Tom Quinn (born January 27, 1968) is an American football coach most recently served as the assistant special teams coach for the New York Giants of the National Football League (NFL).  He previously spent 11 years as the special teams coordinator for the New York Giants, where he was a part of two Super Bowl winning teams.

Career

New York Giants (2006-2021)
Quinn was hired by the Giants to serve as their assistant special teams coach under Mike Sweatman for the 2006 season.
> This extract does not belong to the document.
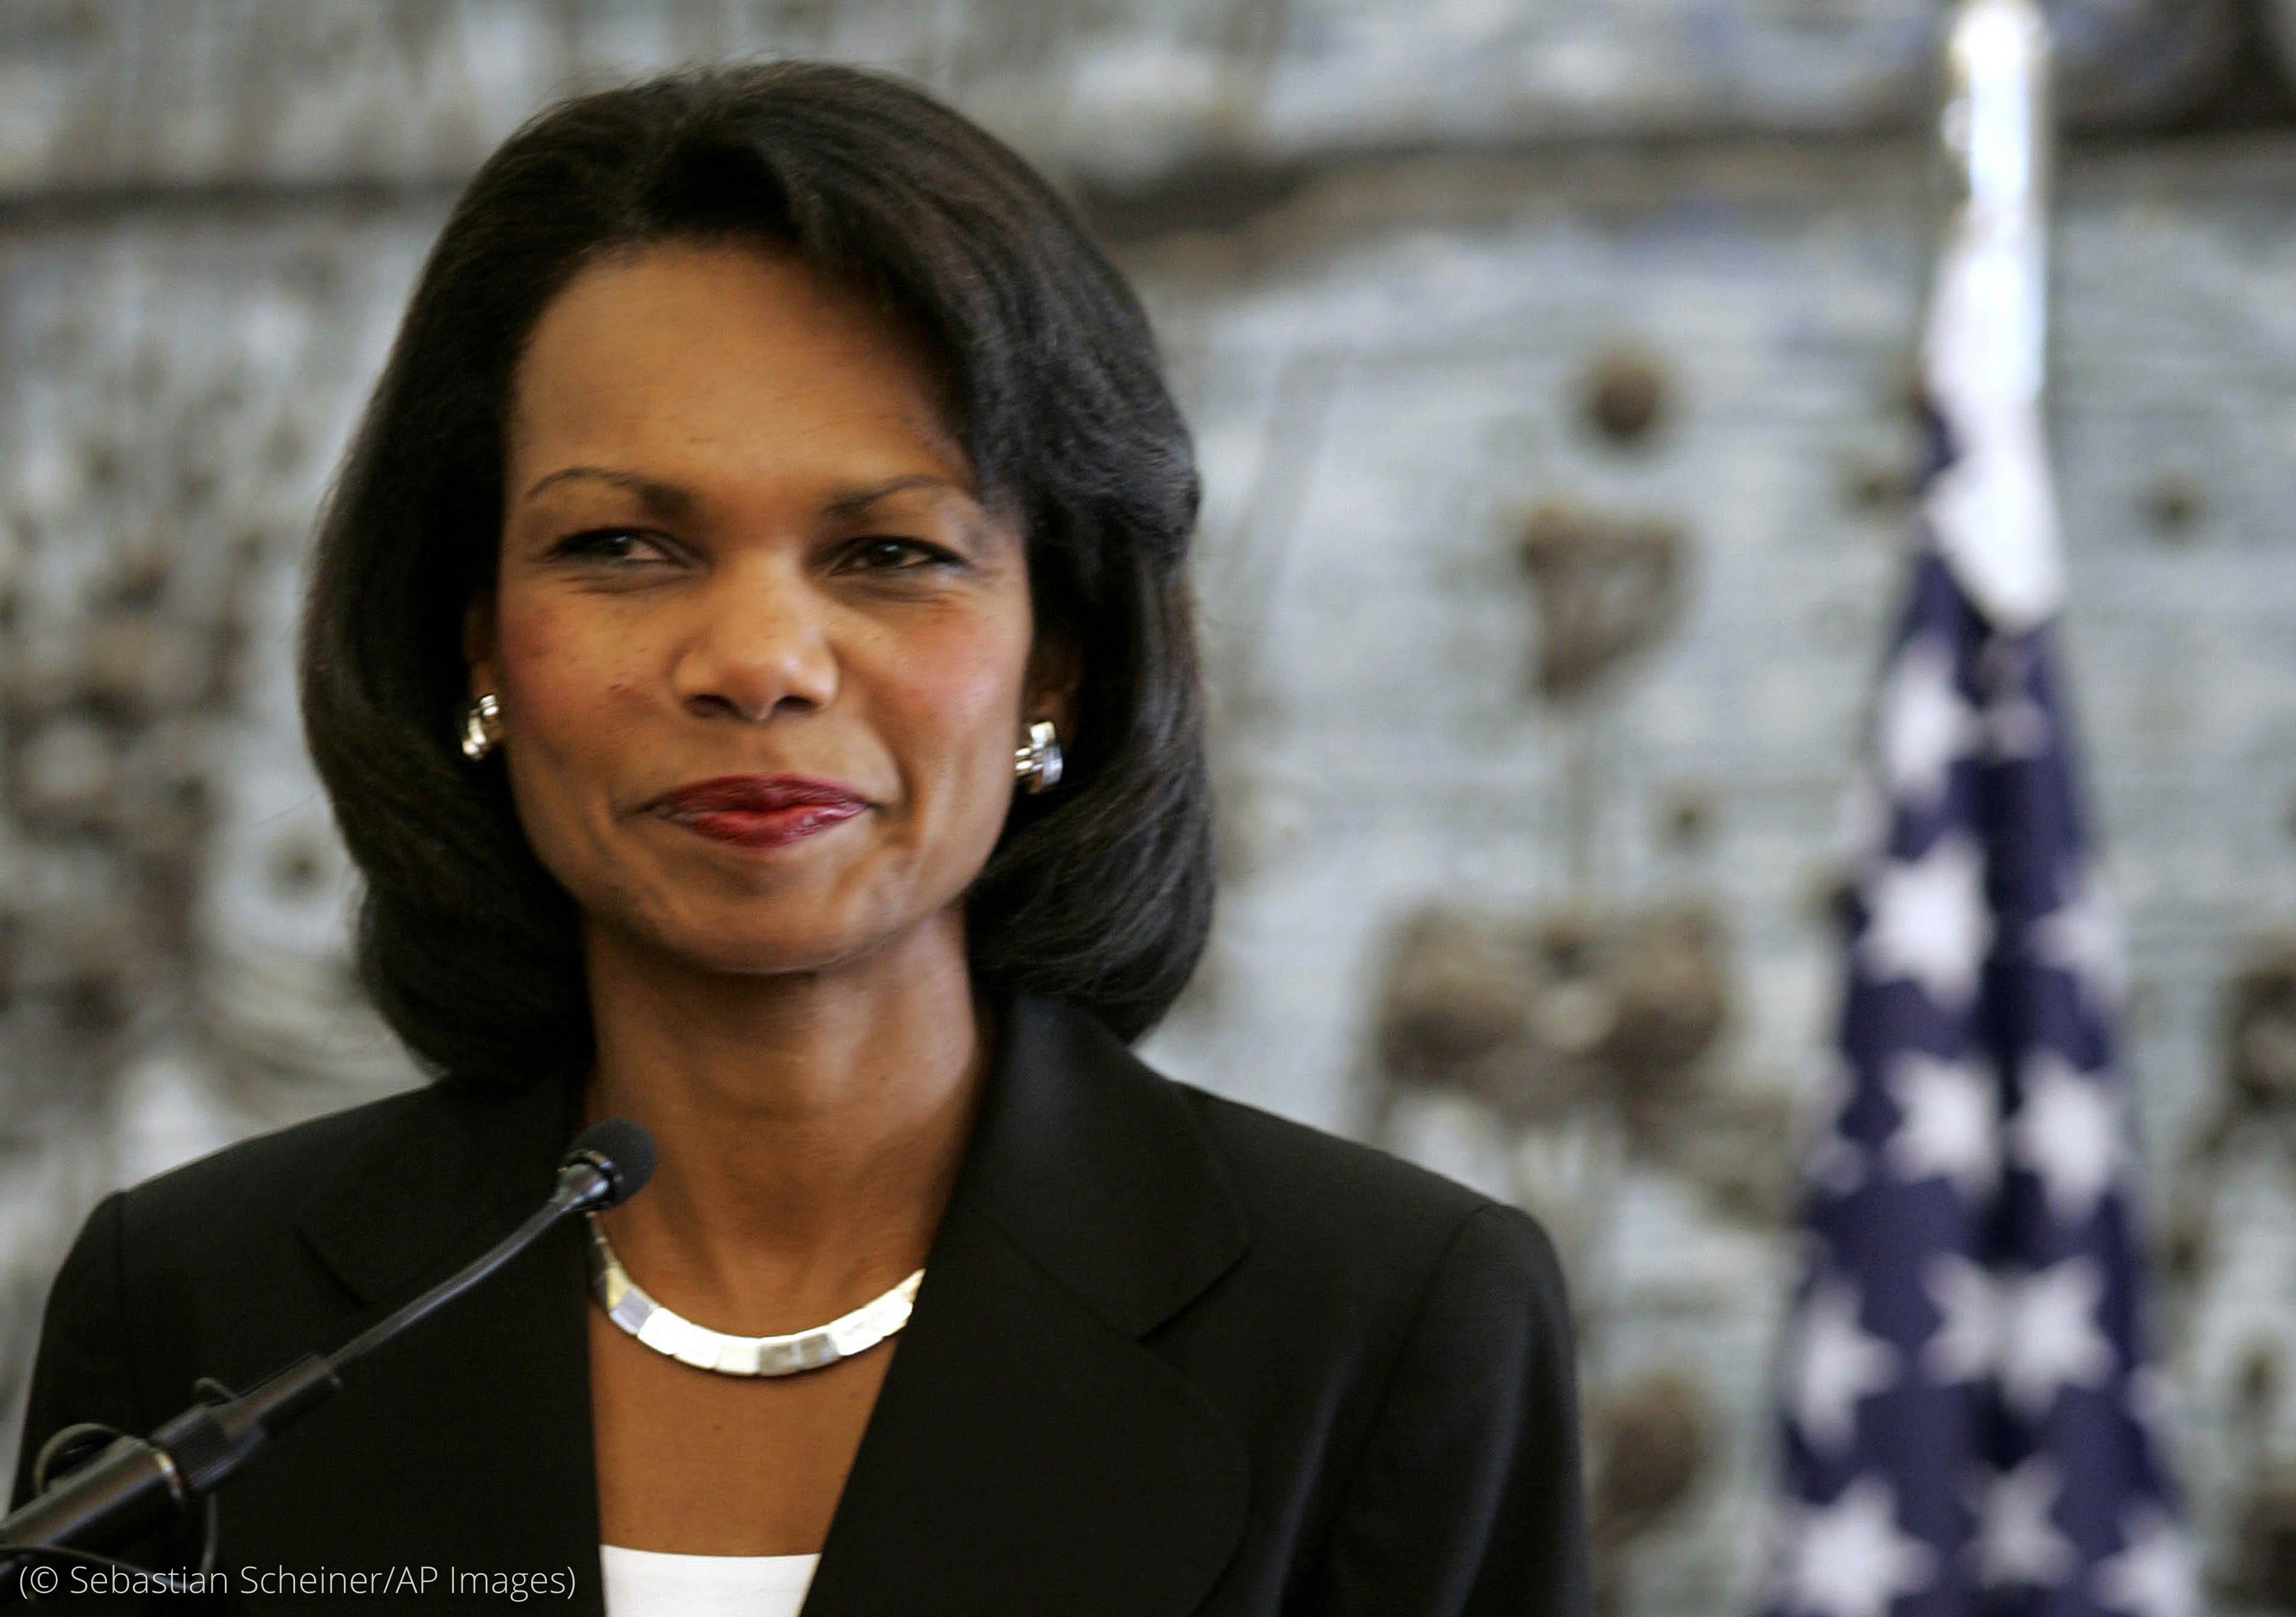 Condoleezza Rice (© Sebastian Scheiner/AP Images)

After one season, he was promoted to special teams coach. In 2007, Lawrence Tynes kicked a game-winning 47 yard field goal in overtime to send the Giants to Super Bowl XLII, as they defeated the Green Bay Packers 23-20. In 2011, Tynes again kicked a game-winning field goal in overtime, as his 31-yard kick sent the Giants to Super Bowl XLVI, as they defeated the San Francisco 49ers. During his tenure as special teams coach, the Giants have seen mixed results. His first season saw the Giants rank 11th in special teams. Since then, they have ranked near the middle or bottom of the league in each season.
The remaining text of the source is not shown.